Department of Molecular Biology and Biochemistry, University of California, Irvine, Irvine, CA, 92697-3900, USA.
Department of Chemistry, University of California, Irvine, Irvine, CA, 92697-2025, USA.
Chem Asian J. 2017 Aug 17;12(16):1985-1996. doi: 10.1002/asia.201700624. Epub 2017 Jun 28.
The reduction of CO into useful products, including hydrocarbon fuels, is an ongoing area of particular interest due to efforts to mitigate buildup of this greenhouse gas. While the industrial Fischer-Tropsch process can facilitate the hydrogenation of CO with H to form short-chain hydrocarbon products under high temperatures and pressures, a desire to perform these reactions under ambient conditions has inspired the use of biological approaches. Particularly, enzymes offer insight into how to activate and reduce CO , but only one enzyme, nitrogenase, can perform the multielectron, multiproton reduction of CO into hydrocarbons. The vanadium-containing variant, V-nitrogenase, displays especial reactivity towards the hydrogenation of CO and CO . This Focus Review discusses recent progress towards the activation and reduction of CO with three primary V-nitrogenase systems. These systems span both ATP-dependent and ATP-independent processes and utilize approaches with whole cells, isolated proteins, and extracted cofactors.

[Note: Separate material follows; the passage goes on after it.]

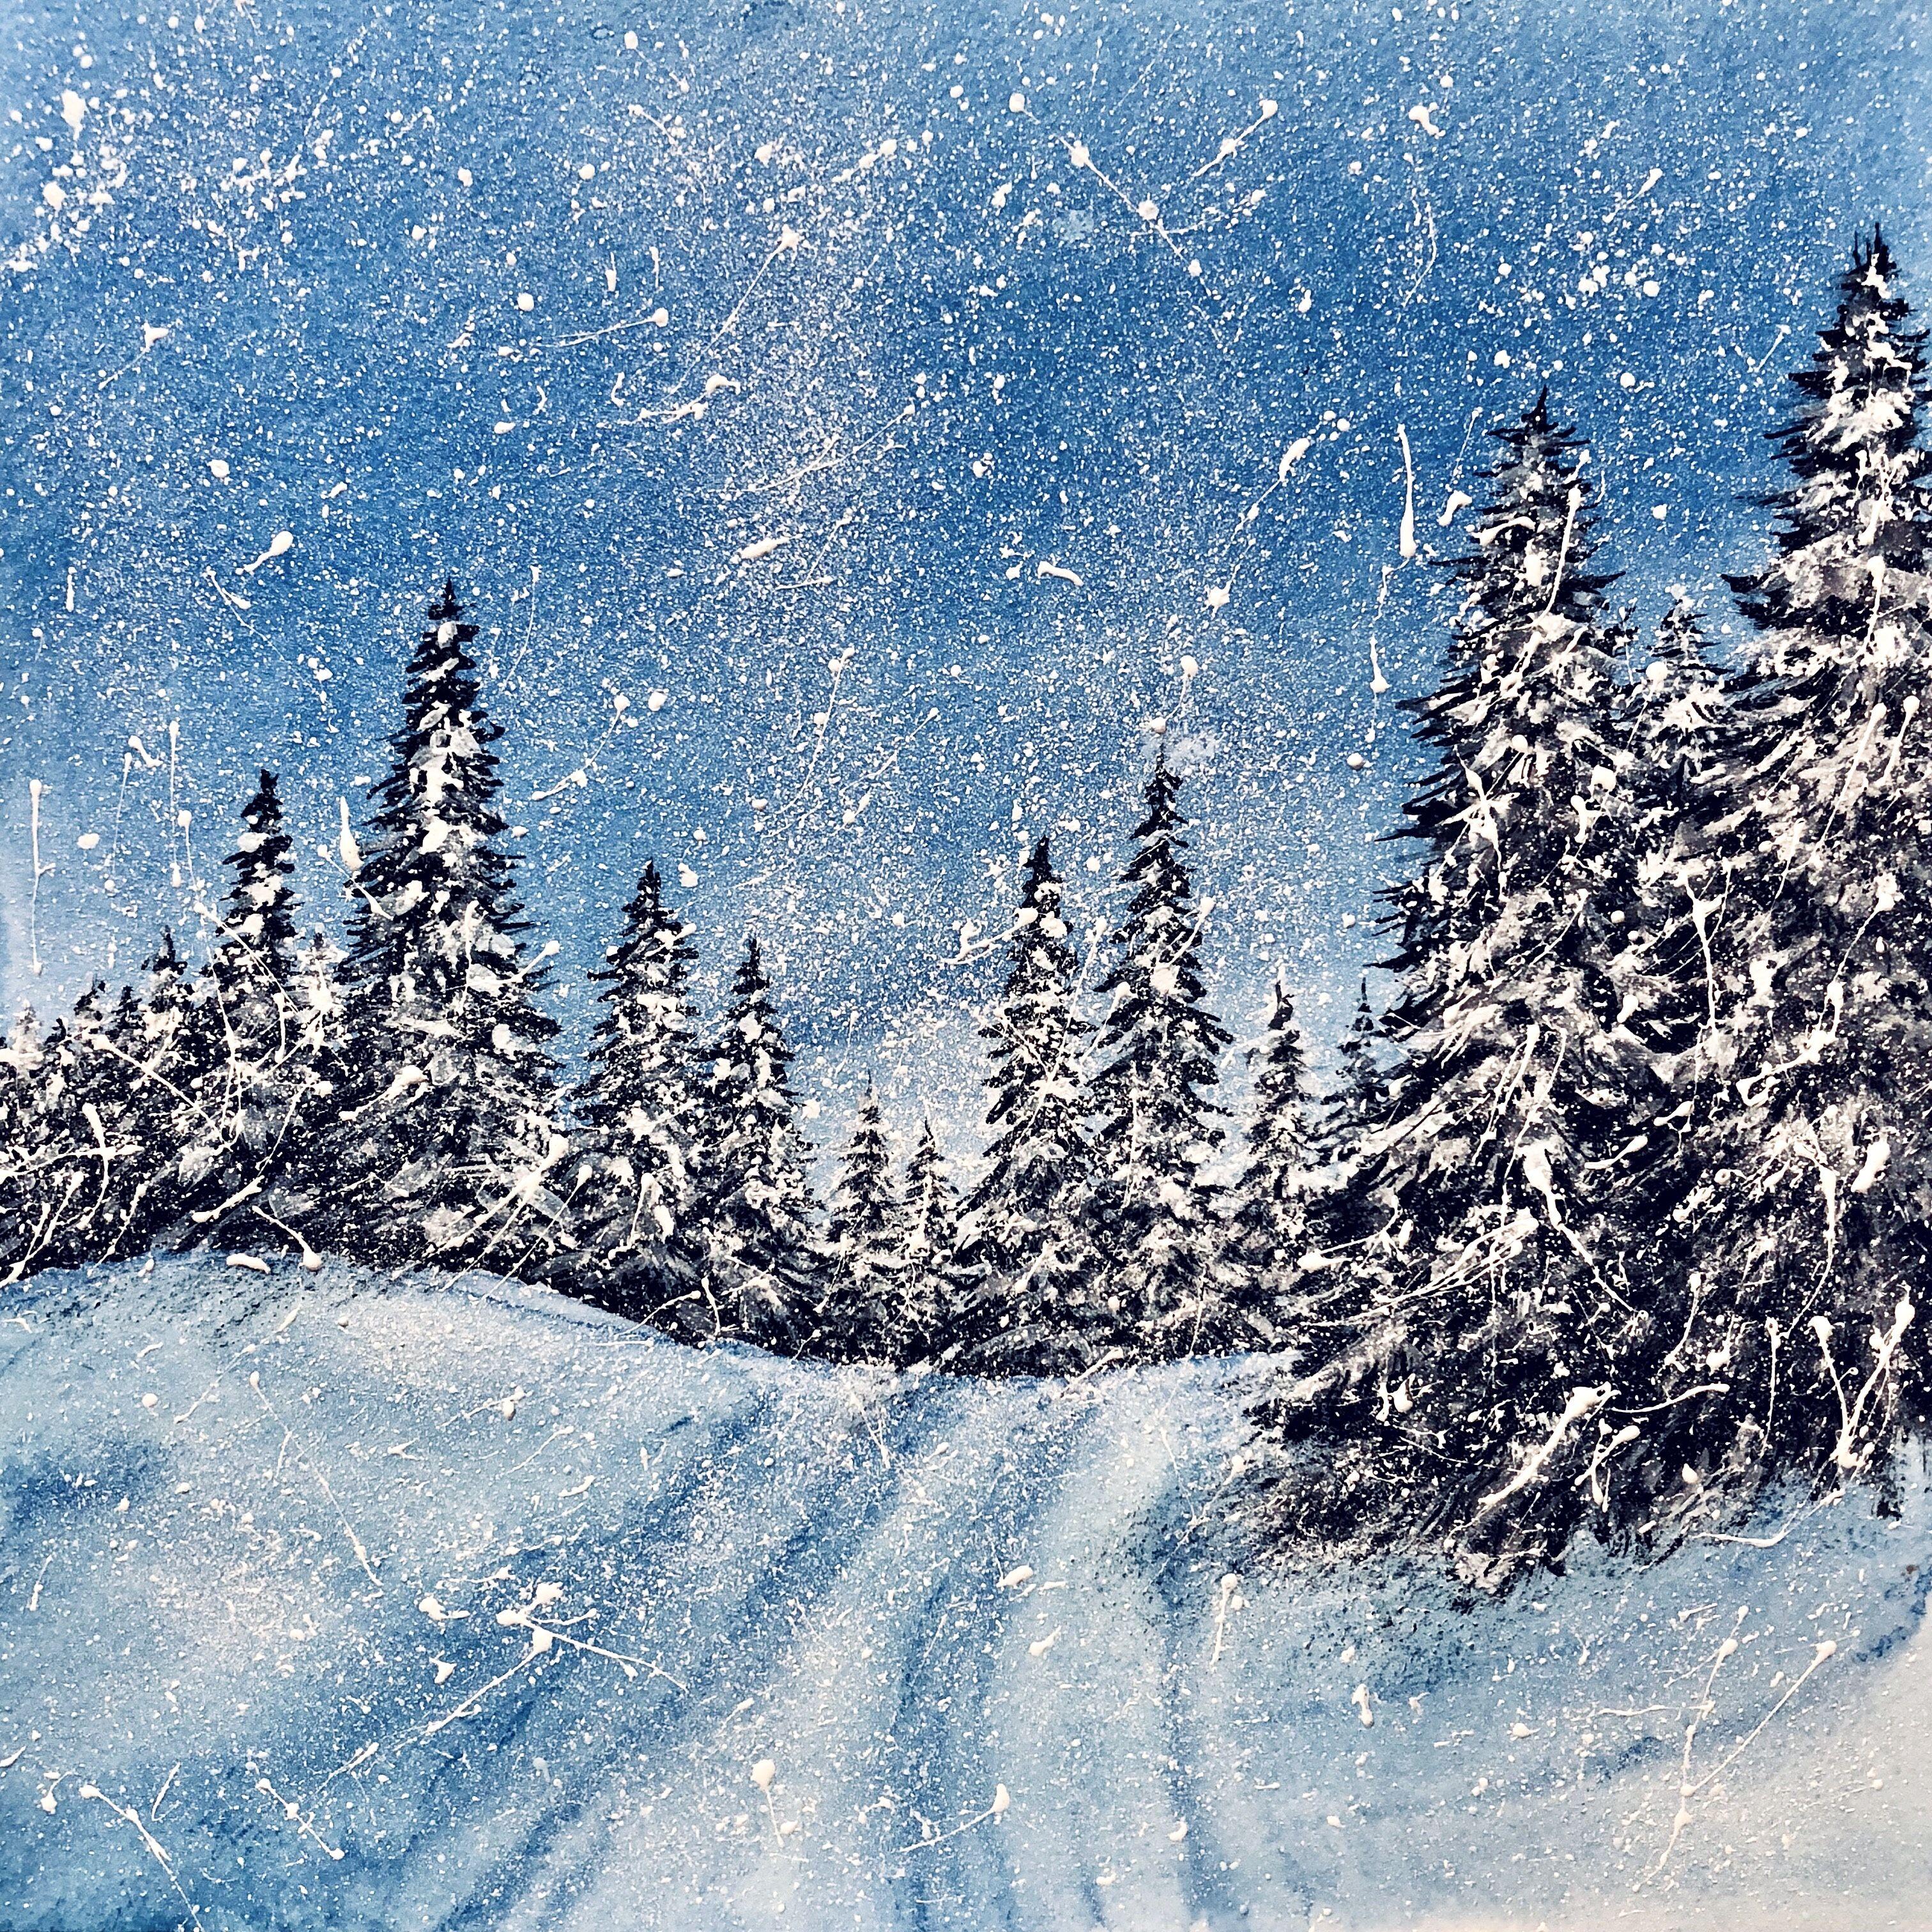 музыку или картинка зимнего пейзажа книжного варианта разделе описание товара

将 CO 还原为有用的产品,包括碳氢燃料,是一个特别引人关注的领域,因为人们正在努力减少这种温室气体的积累。虽然工业费托合成工艺可以促进在高温高压下用 H 将 CO 加氢形成短链碳氢化合物产品,但人们希望在环境条件下进行这些反应,这激发了对生物方法的使用。特别是,酶为如何激活和还原 CO 提供了深入的了解,但只有一种酶,氮酶,能够将 CO 多电子、多质子还原成碳氢化合物。含钒的变体 V-氮酶对 CO 和 CO 的加氢具有特别的反应活性。本重点综述讨论了在三种主要的 V-氮酶系统中激活和还原 CO 的最新进展。这些系统涵盖了依赖 ATP 和不依赖 ATP 的过程,并利用了全细胞、分离蛋白和提取辅因子的方法。